TASK TO CARRY OUT:
Without including any images, please transcribe all the lines below exactly.

SUPPLIED DATA:

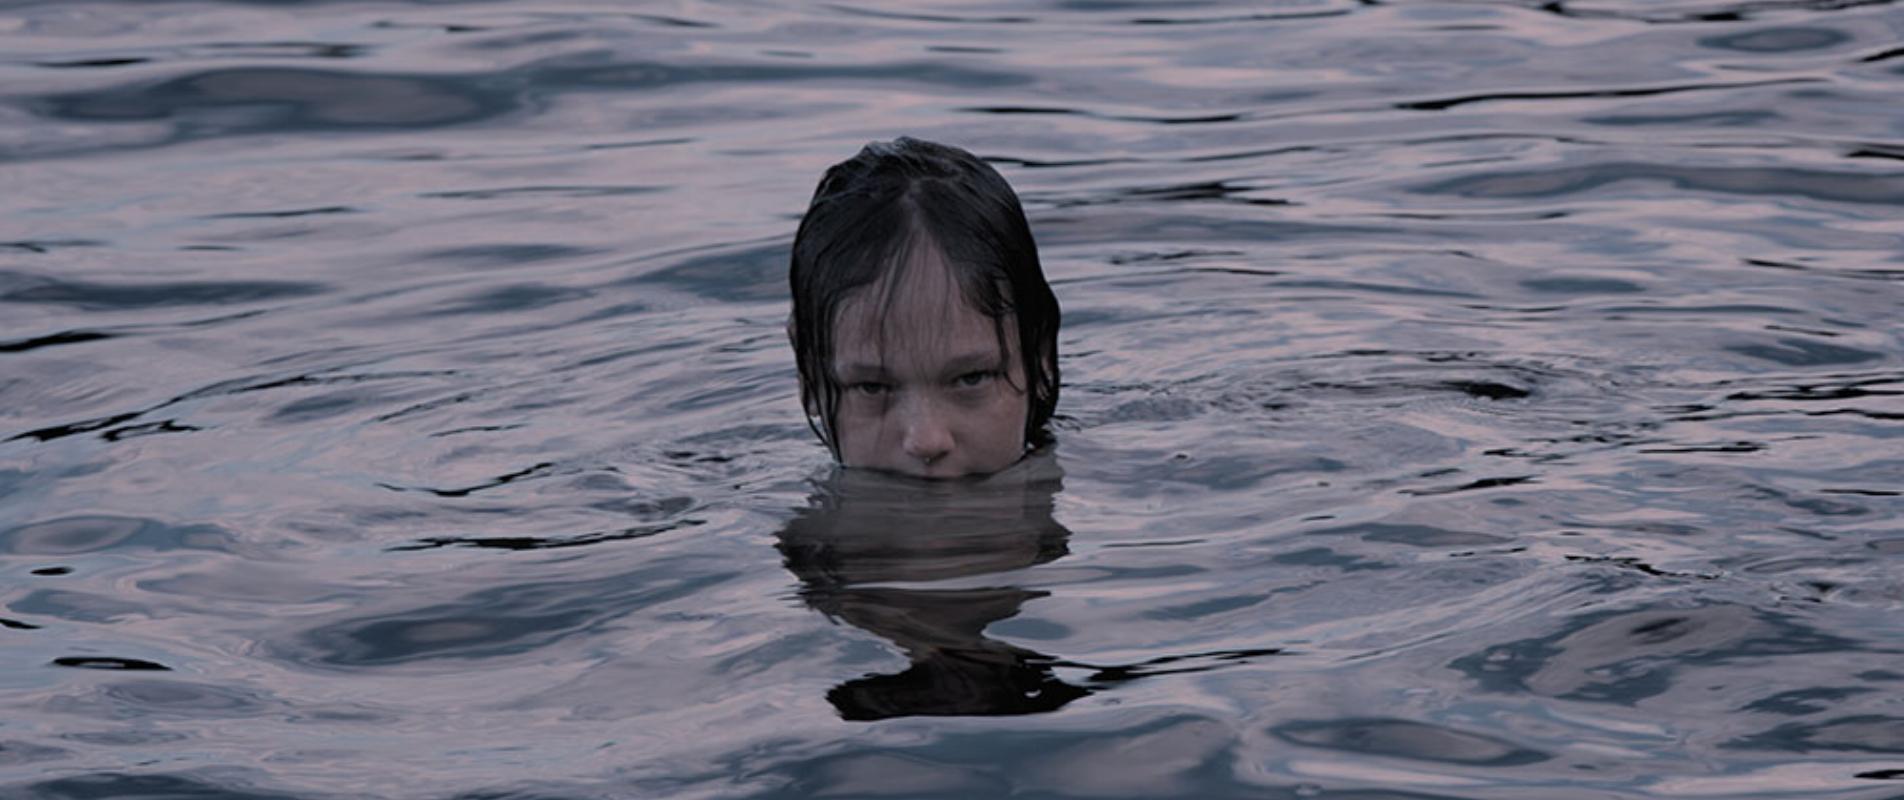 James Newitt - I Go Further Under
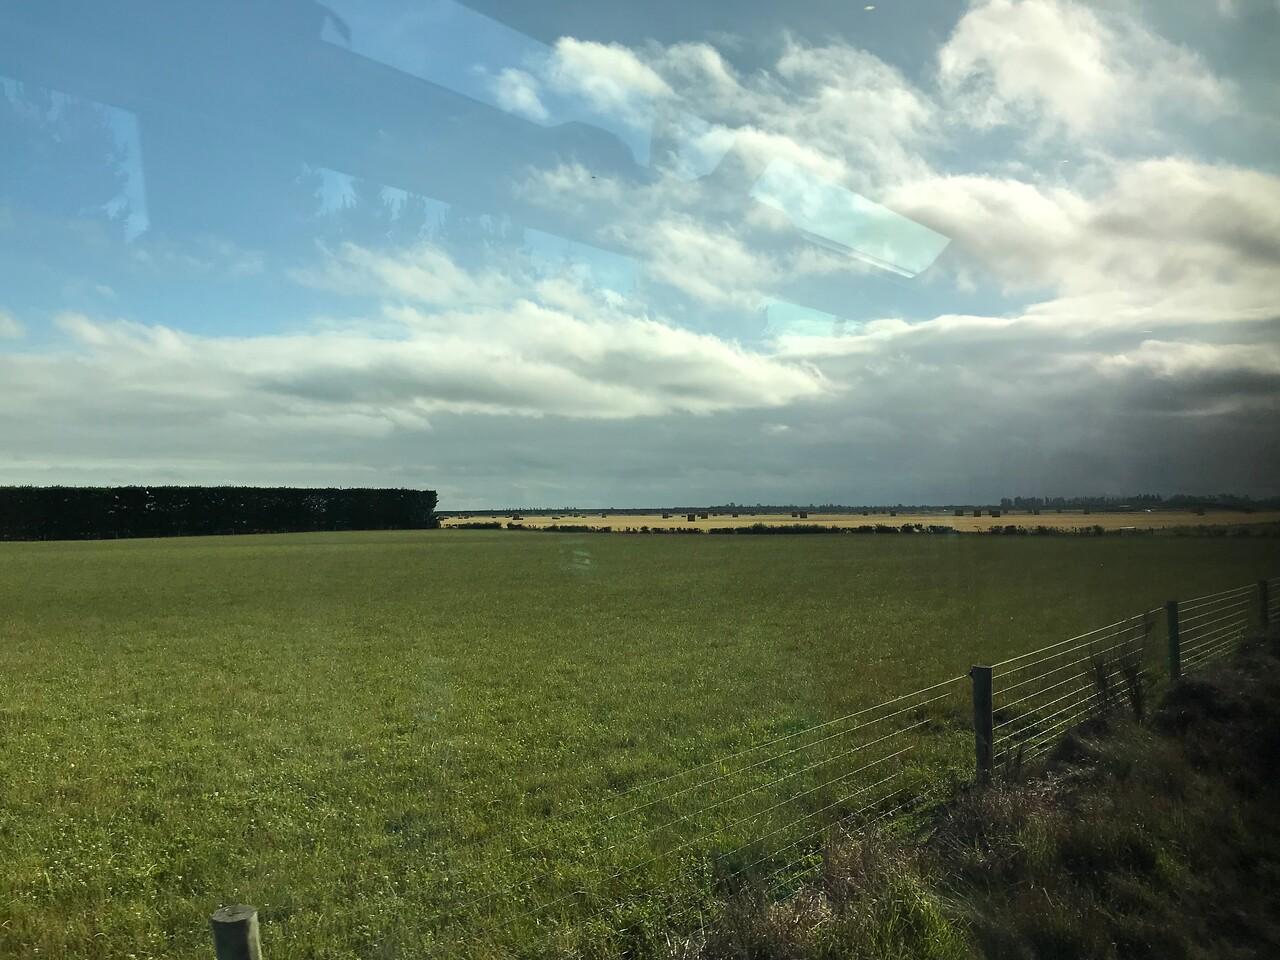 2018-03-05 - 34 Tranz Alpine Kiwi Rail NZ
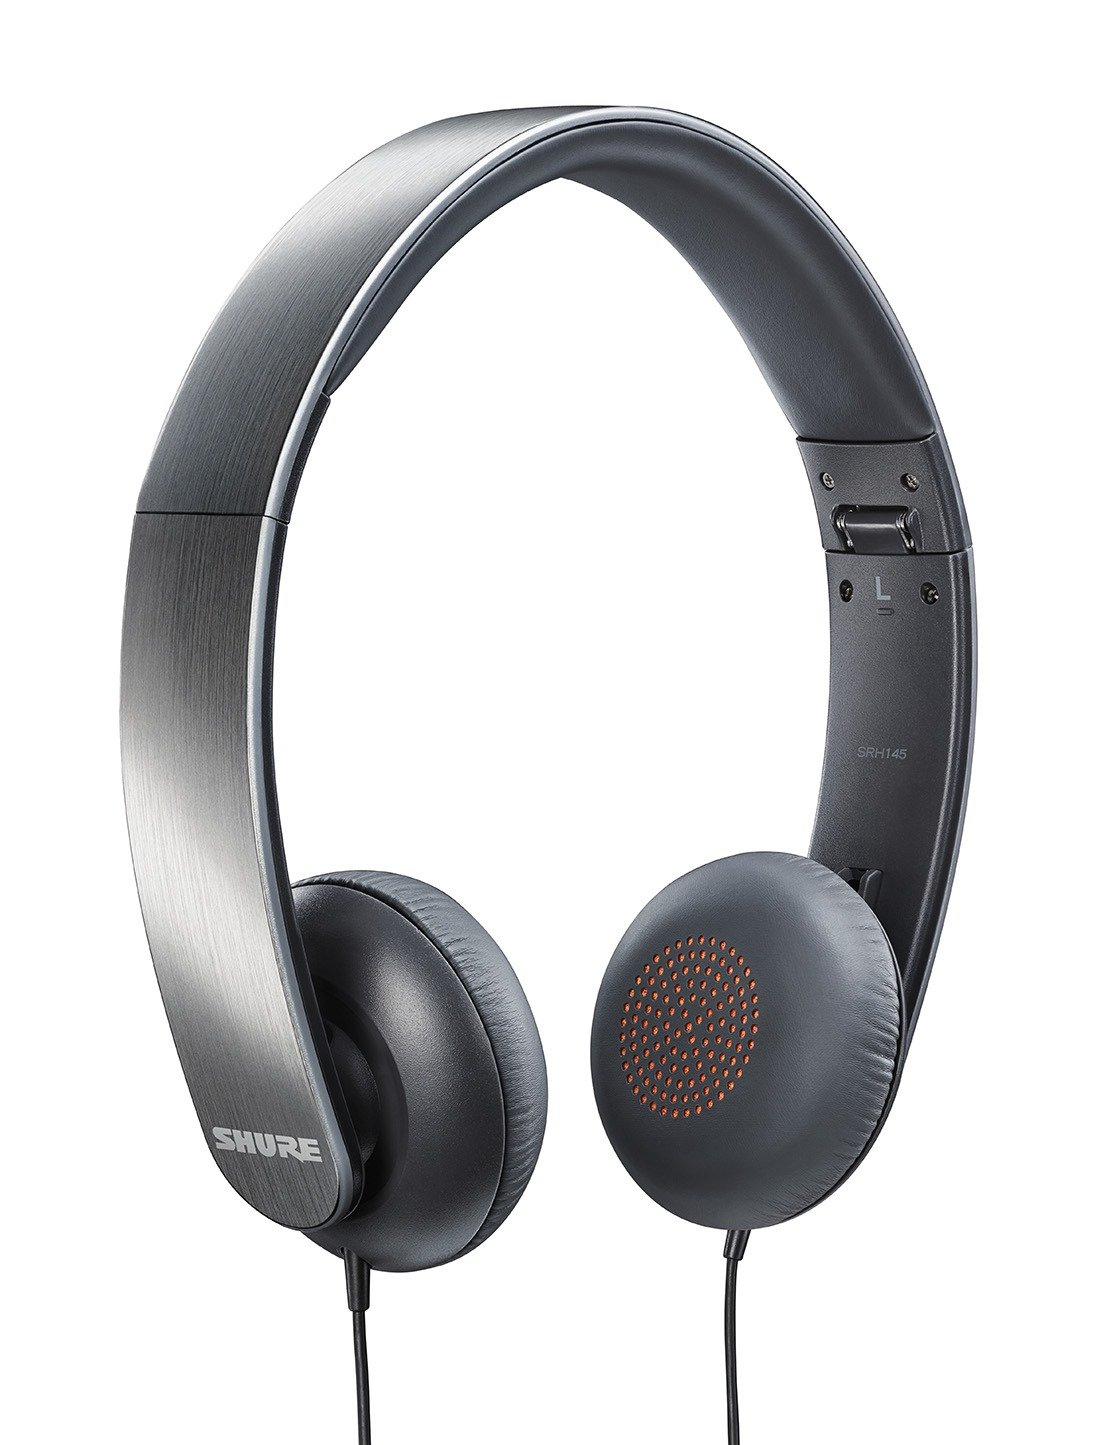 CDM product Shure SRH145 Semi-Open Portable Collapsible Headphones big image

OUTPUT:
 James Newitt - I Go Further Under
 2018-03-05 - 34 Tranz Alpine Kiwi Rail NZ
 CDM product Shure SRH145 Semi-Open Portable Collapsible Headphones big image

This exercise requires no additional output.